Repeat the listing below in full and exactly, but without its pictures.

::: GIVEN INFORMATION :::

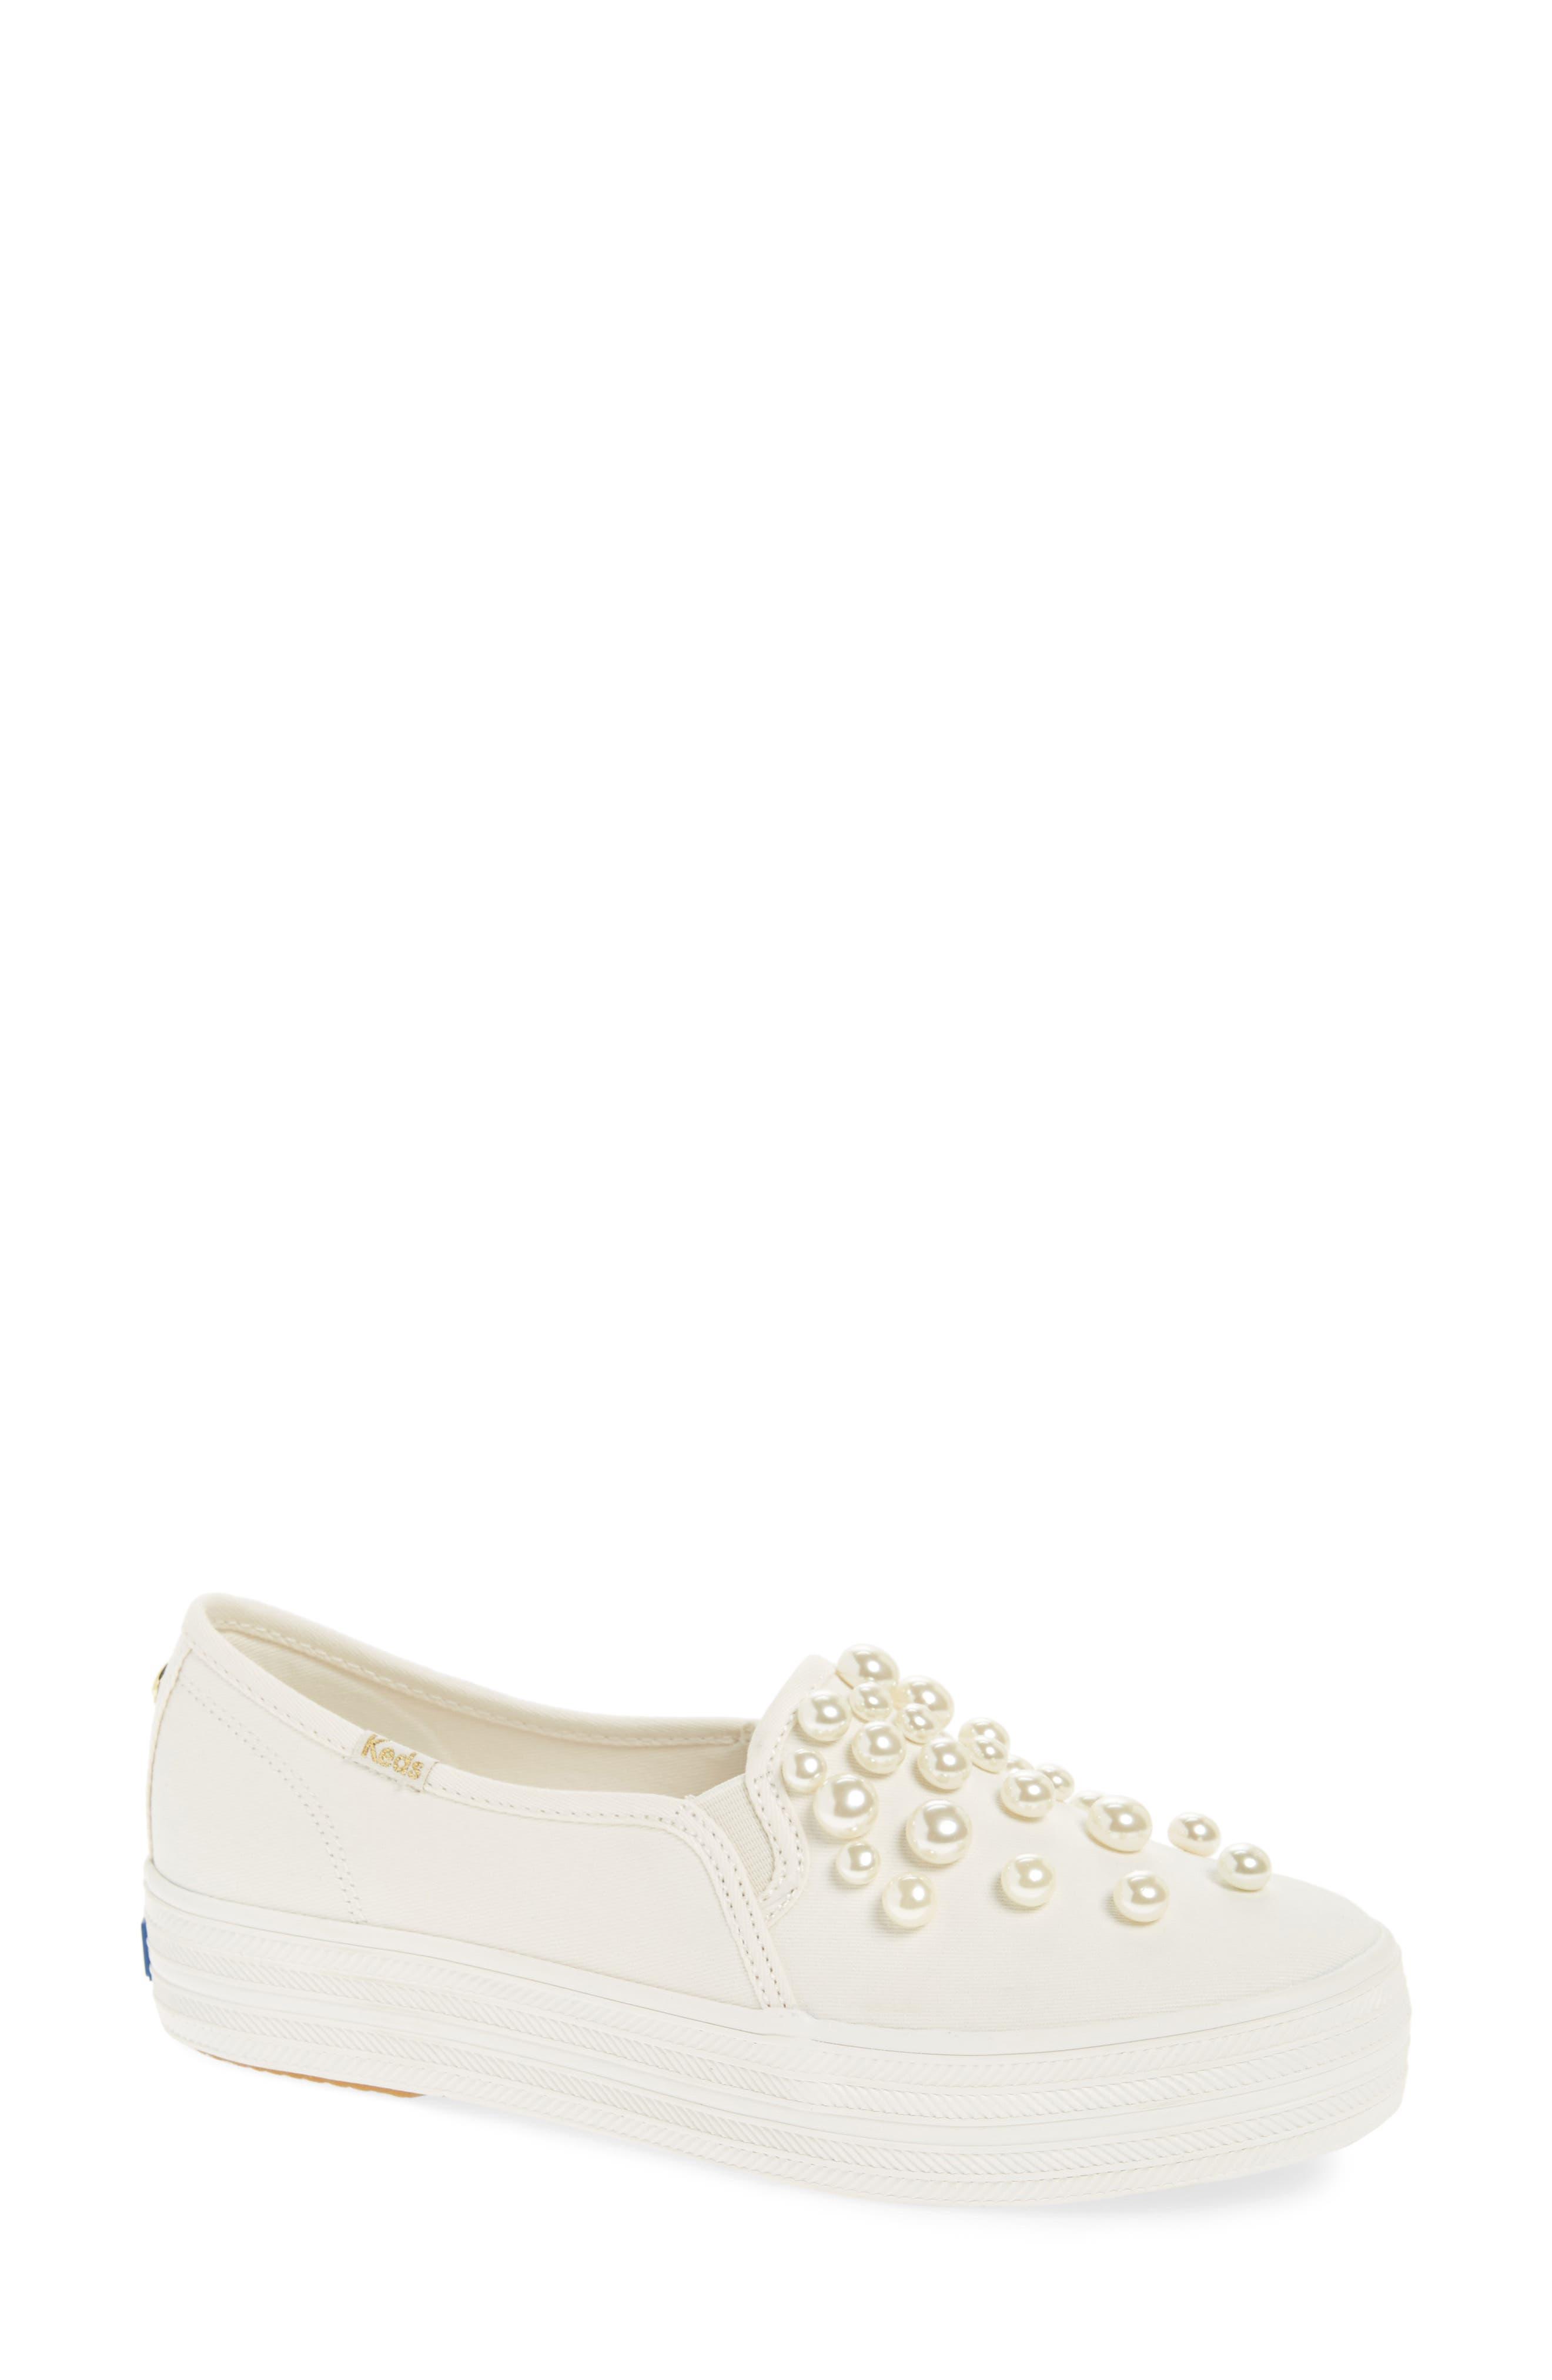 KEDS<SUP>®</SUP> FOR KATE SPADE NEW YORK triple decker embellished slip-on sneaker, Main, color, CREAM
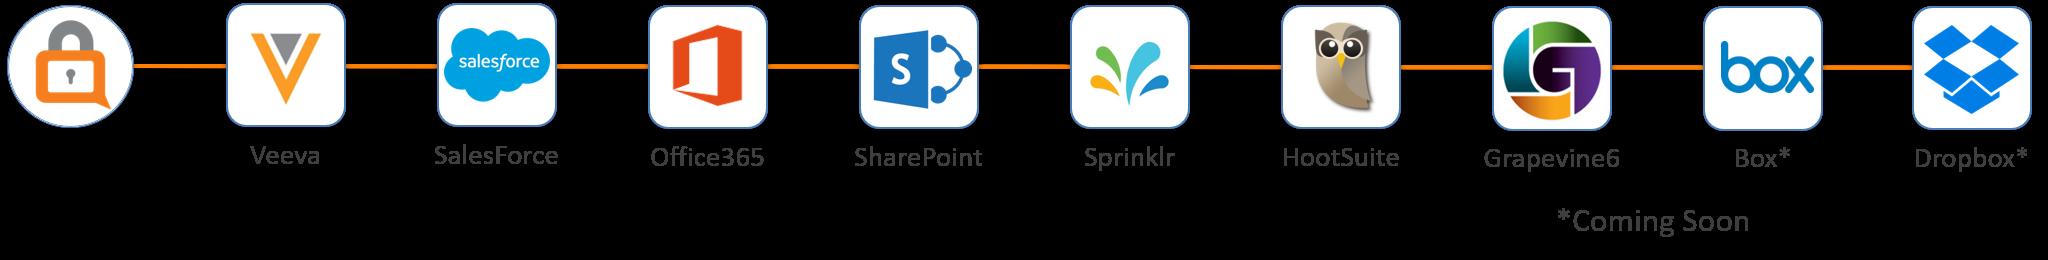 SafeGuard Cyber Enterprise App Channels
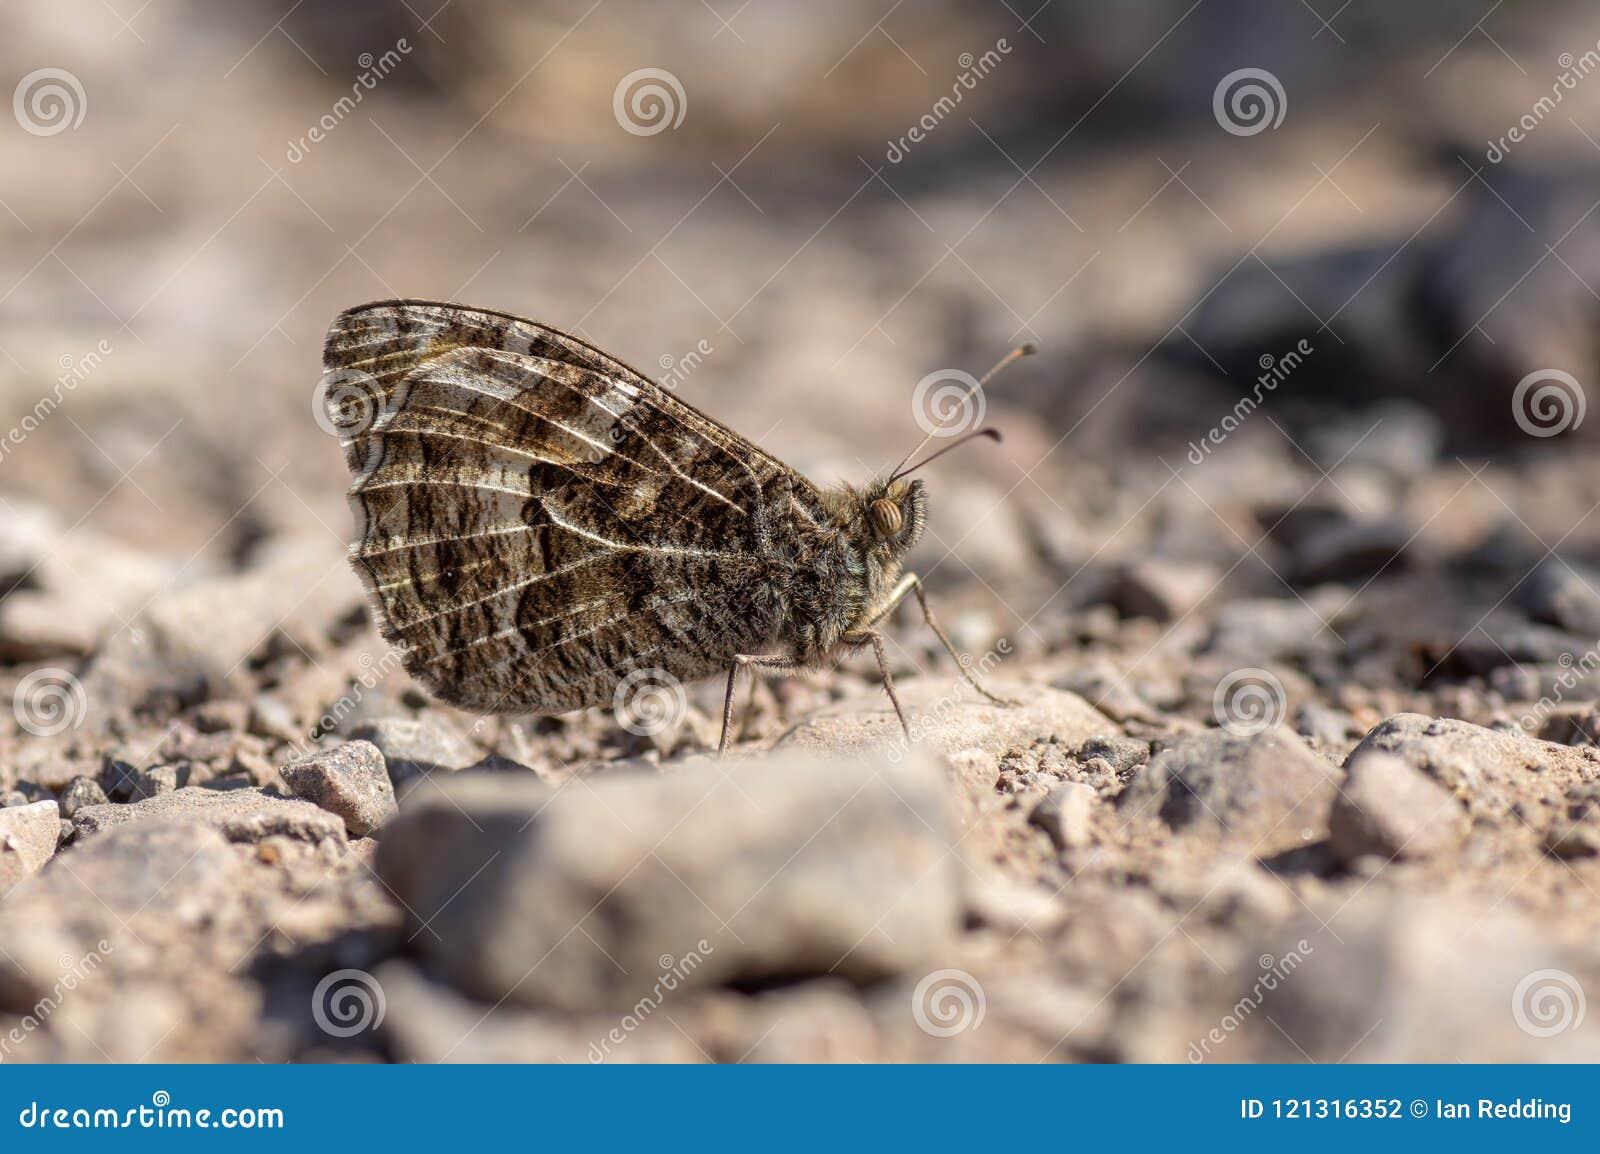 Graylingsvlinder Hipparchia semele op rotsachtige grond
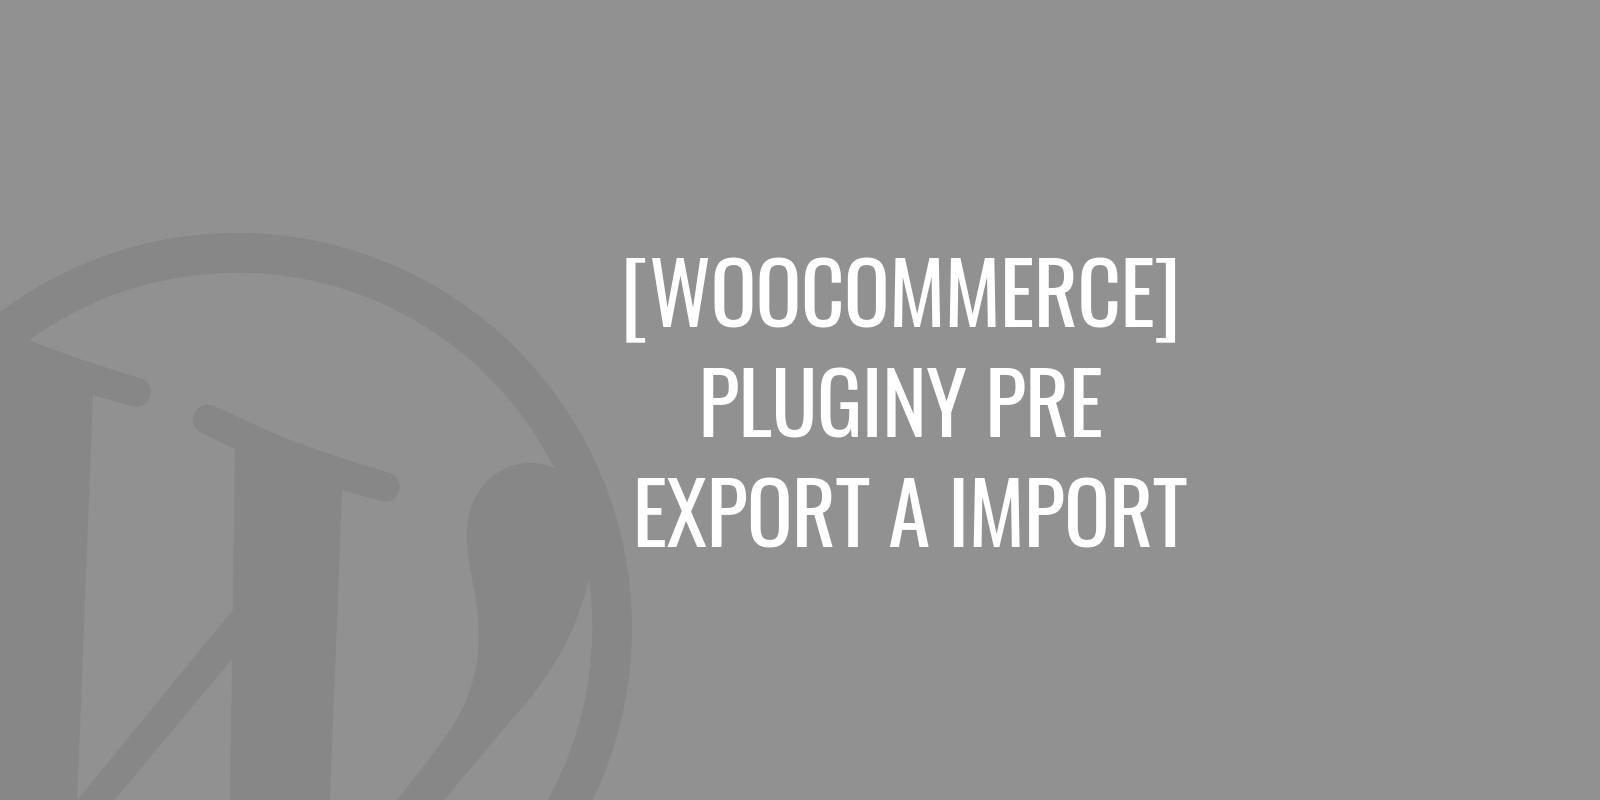 WooCommerce pluginy pre export a import

:::

* [TASK RESULT]
 KEDS<SUP>®</SUP> FOR KATE SPADE NEW YORK triple decker embellished slip-on sneaker, Main, color, CREAM
 SafeGuard Cyber Enterprise App Channels
 Graylingsvlinder Hipparchia semele op rotsachtige grond
 WooCommerce pluginy pre export a import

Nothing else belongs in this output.